If they ever feel it's necessary at all... laugh

Posted by: Jeff_M

Re: Do you believe? - 07/28/08 08:39 PM

[/quote]Confidence is no substitute for empirical evidence. There are too many people claiming to know something, but no one proving it. [/quote]

It's all part of a multi-national, multi-generational conspiracy, you see. I hear the Bilderburgers and the Trilateral Commission are behind it. ;-)

"Proof" is a slippery thing. I'm a lawyer, I should know. Some things that have been proved to pretty much everyone's satisfaction in the past dsiplayed a nasty habit of suddenly getting unproved at a later date.
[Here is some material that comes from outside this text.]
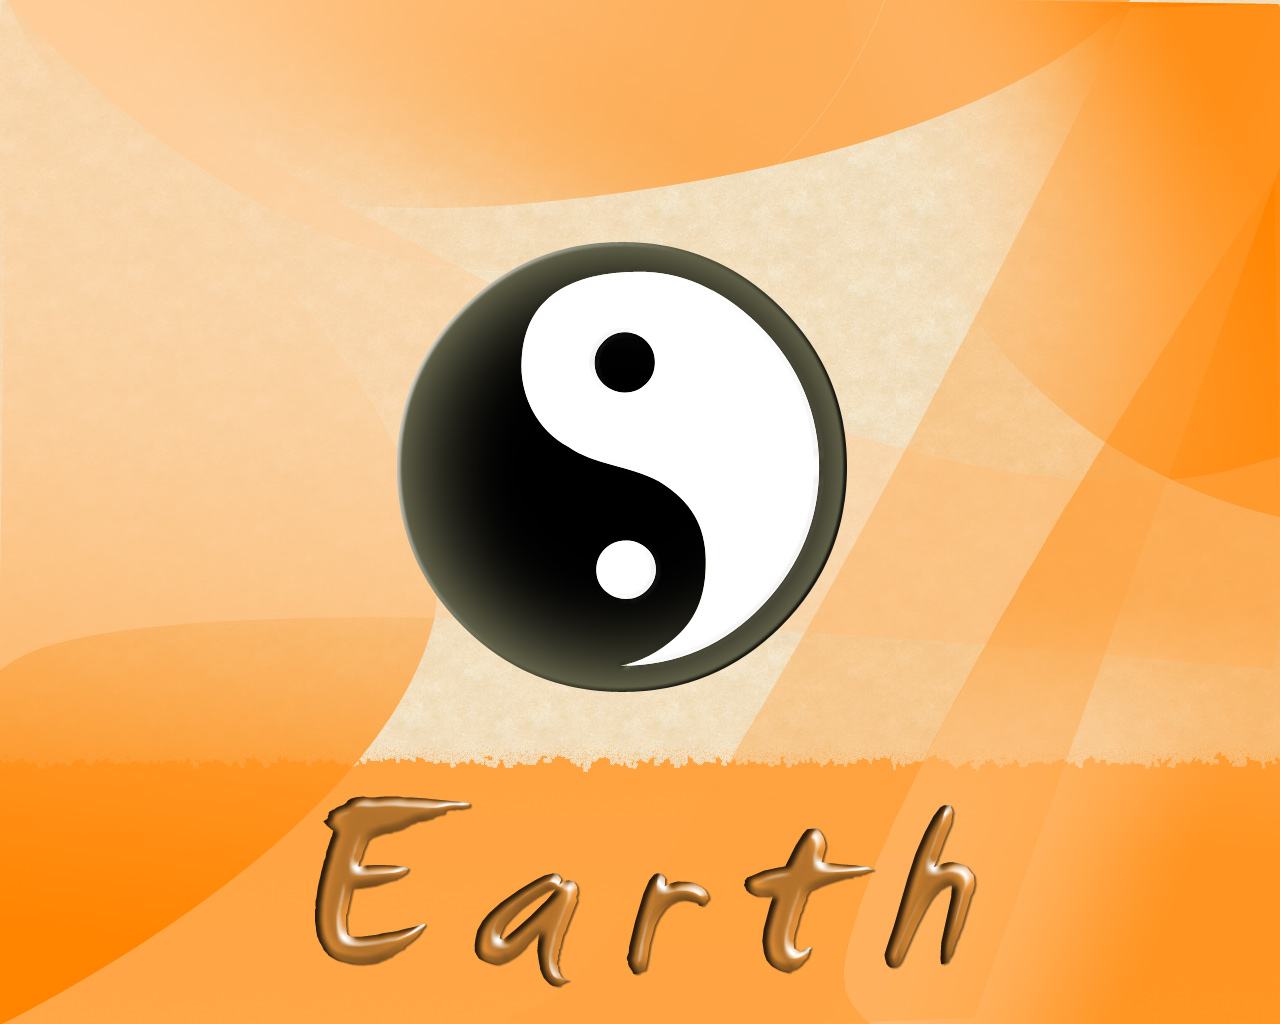 Earth feng shui wallpapers Feng Shui Doctrine articles and e books

Moreover, I'm claiming no particular state of facts, merely citing the apparent opinion of a well-qualified expert in the field, which is, indeed, a credible form of evidence.

As for "empirical evidence," of UFOs, I submit that that is about all we have, at least in the sense of evidence gained by operation of human sensory organs.

Many things now commonly accepted as proved in the scientific community began as someone's "nutty, whacko" and certainly minority-view theory.

What quantum of proof is required? There are many who believe the Apollo Moon landing were faked on a sound stage, and the Flat-Earth Society is still out there (It's turtles, turtles all the way down) How many otherwise bright, sane people don't "believe" in evolution?

In any case, it's the sort of thing that sparks the imagination, and the concept of UFOs is fun to play with,

Now, returning, sort of, to the general theme of this forum, what should we do and say when the aliens land?

We will know nothing but waht they want to tell us of their motives and intentions, and of the civilization from whence they came. They could be pirates, or mercantilists, out to exploit us. They could be official representatives of a benevolent civilization, who only want to help us, or the opposite. Or they could represent a losing side in a galactic conflict, seeking refuge or aid. But we won't KNOW.

I submit that the only thing we can, or should, say to them is "please go away for, say, 100 years. We aren't ready to deal with you yet. But please feel free to leave an Encyclopedia Galactica and a communications device behind. We'll call you; don't call us."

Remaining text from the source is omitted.